Vahyin ve resulüllah'ın (s.a.v) mücadelesinin konumuzla ilgili boyutunu ifade ettikten sonra önemli olduğunu düşündüğüm bir noktaya temas etmek gerekiyor. O da bu duruşun bugün bizim için ne anlam ifade ettiğidir. Şüphesiz ki amacımız salt teorik anlamda bazı tespitlerde bulunmak değildir. Esas amaç yukarıda ifade edilenlerin bugünkü pratiği nedir, ne olmalıdır? sorularına cevap bulmaktır.

Şunu en başta ifade etmek lazım: Gerek birey olarak gerekse kolektif olarak toplumsal alanda ben varım diyen Müslümanların değişik özelliklere sahip toplumsal katmanlar arasında kendini konumlandıracağı yer zaafa uğratılmışların, mazlumların yanıdır. Müslümanlar bu konudaki pratikleri noktasında vahyi çizgide olmadıkları müddetçe Allah'ın ve resulünün bu konudaki tutumunu ilkesel anlamda bilmelerinin çok fazla bir önemi olmayacaktır. İslamda esas olan doğru ilkeler üzerine bina edilmiş pratiklerdir.

Bu konudaki pratikler Müslüman şahıslar ve İslami cemaatler açısından turnusol işlevi görmektedir. İster yerel, ister genel isterse de küresel ölçekte olsun Müslümanların yeri ezilmişlerin yanıdır ezenlerin değil. Birtakım küçük hesaplar peşinde koşarak müstekbirlere yakınlaşma derdinde olanlar vahyin ve resulüllah'ın (s.a.v) çizgisinde olmadıklarını bilmelidirler. Müslümanların (!!) müstekbirlerin yanında yer aldığını gören mazlumlar ve mustazaflar onlara asla güvenmeyeceklerdir.

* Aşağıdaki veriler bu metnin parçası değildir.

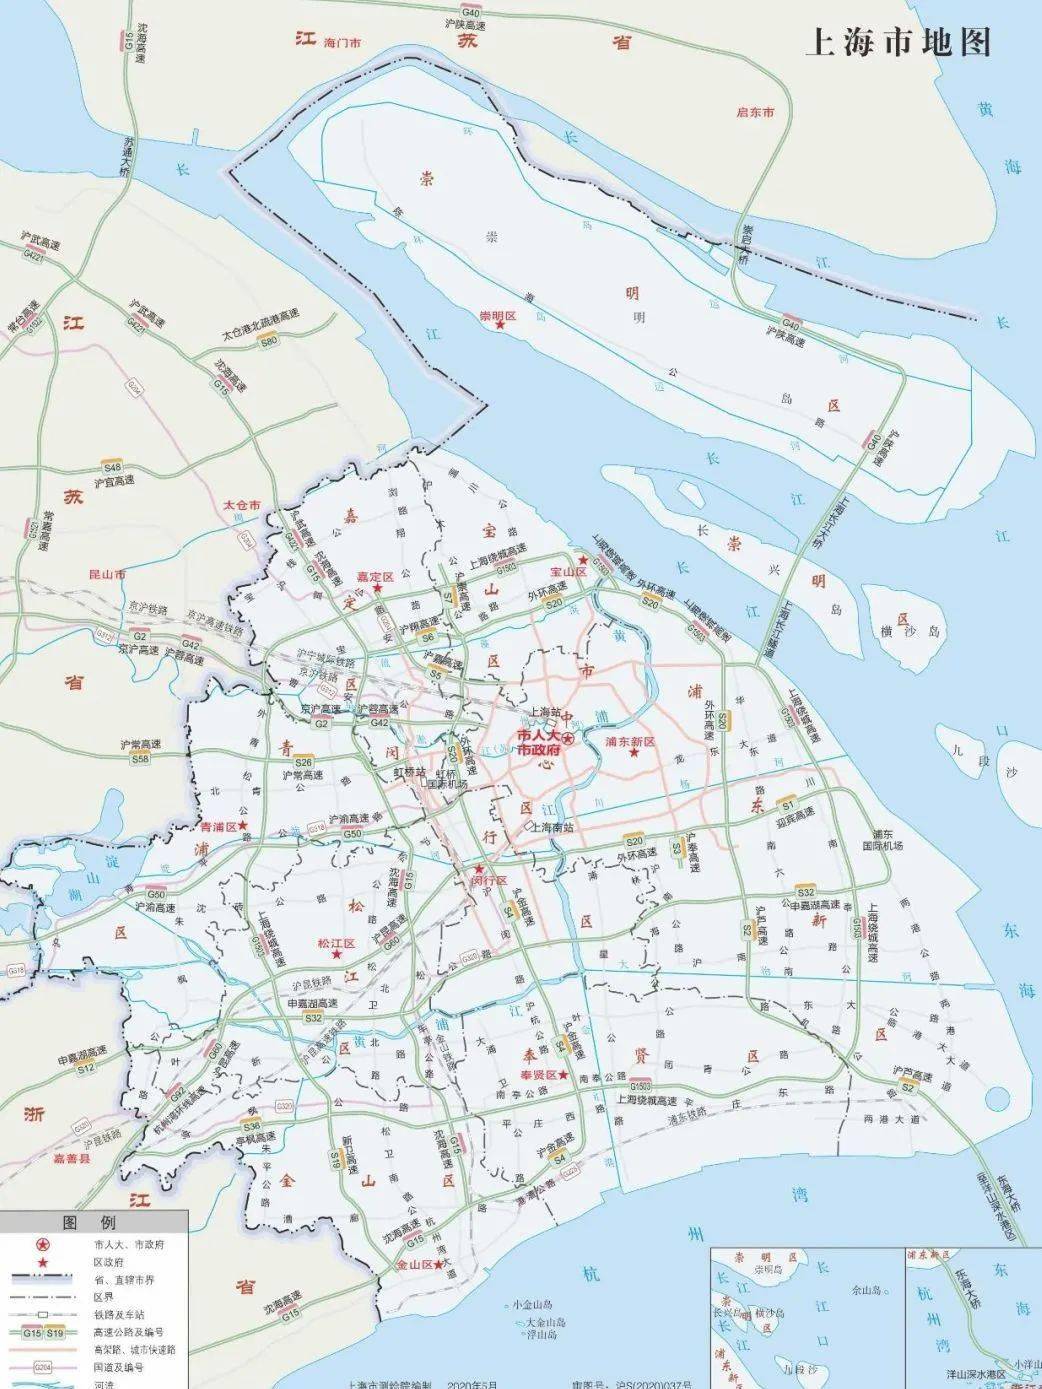 关注| 长三角标准地图公布,还有上海和16区标准地图在

Müslümanların öncelikle yaşadıkları coğrafyanın istikbarlarına karşı net bir söylemleri olmalıdır. Her ne sebeple olursa olsun onları hoş göstermek, temiz göstermek tarzında bir söylem ve tutum içinde olmamaları gerekir. Velev ki zalimlerin arada bir yaptıkları iyi şeyler olsa da bu tutumları değişmemelidir.

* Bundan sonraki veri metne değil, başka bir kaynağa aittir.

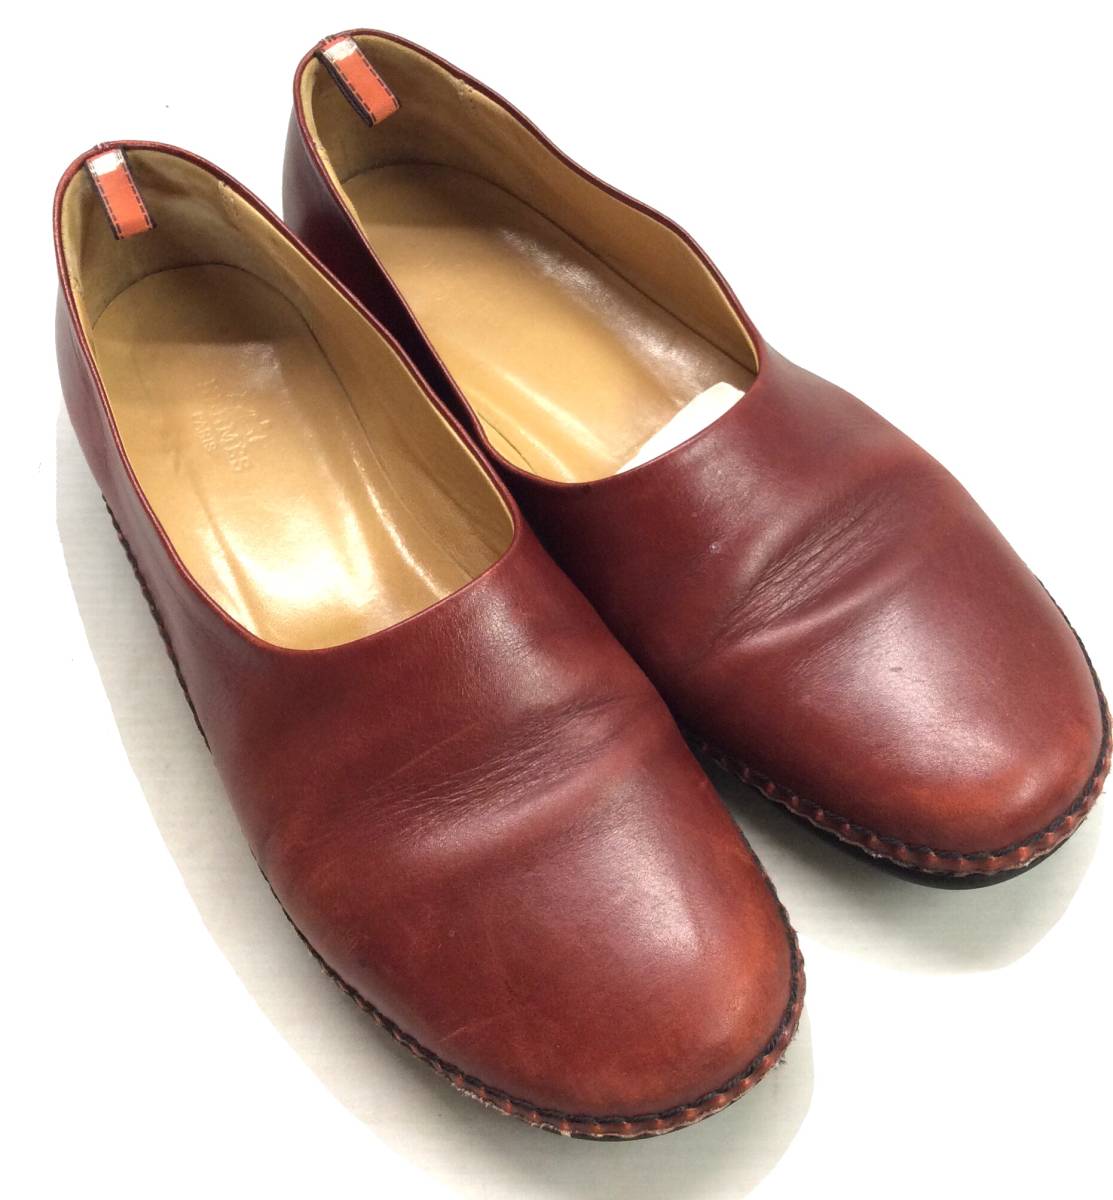 HERMES エルメス レザーシューズ パンプス 靴 赤系 ITALY製 レディース 38 (ma)_画像2

Gerek birey olarak her bir müslümanın gerekse topluluk olarak her bir cemaatın bu konuyla ilgili pratiklerini gözden geçirmeleri, gerekli muhasebeleri yapmaları eğer varsa bir yanlışlık bunu düzeltmeleri en elzem bir tutumdur. Çünkü bu bu pratik Müslümanlar için geçiştirilebilecek basit bir amel değildir ve maslahat icabı olmasa da olur türünden değerlendirmelere konu olamayacak türden kimliksel bir meseledir.

 " Zulmedenlere meyletmeyin. Yoksa ateş size dokunur. Sizin Allah'tan başka veliniz yoktur. Sonra yardım göremezsiniz." Hud 11

Hareketlerinin düşünsel zeminini oluştururken Kur'an ve sünnet dışında bir takım ön kabullerle hareket edenler bu alanda en ciddi zafiyetleri gösterenlerdir. Bu zafiyet esasında bir sapmayı ifade eder. Bu sapma hareketin İslamilik vasfını ciddi biçimde tartışılır hale getirir.

Türkiye gerçekliğinde Kur'an'ın  sadece bir kısmına vurgu yaparak bir cemaatleşme sürecine giren ve kendi cemaatlerini kirli insanların liderlik ettiği birtakım siyasi partilerin arka bahçesi haline getirenlerin ortaya koydukları pratiği bir de bu açıdan değerlendirmek gerekir.

Zulmün önderleriyle, yandaşlarıyla ve onların dalkavuklarıyla kol kola girilerek İslami olunmaz. Bu şekilde İslam ancak ters yüz edilir. Bu anlayışla İslam zalimleri meşru göstermenin bir aracı haline getirilir. Bu durum ilahi vahyi kendi mecrasının dışına çıkarır. Allah resulü derken deyim yerindeyse mangalda kül bırakmayanların konu Resulüllah'ın (s.a.v) zulümle mücadelesini içine alan sünneti olduğu zaman nasıl bir zafiyet içine girdiklerini görmek gerekir.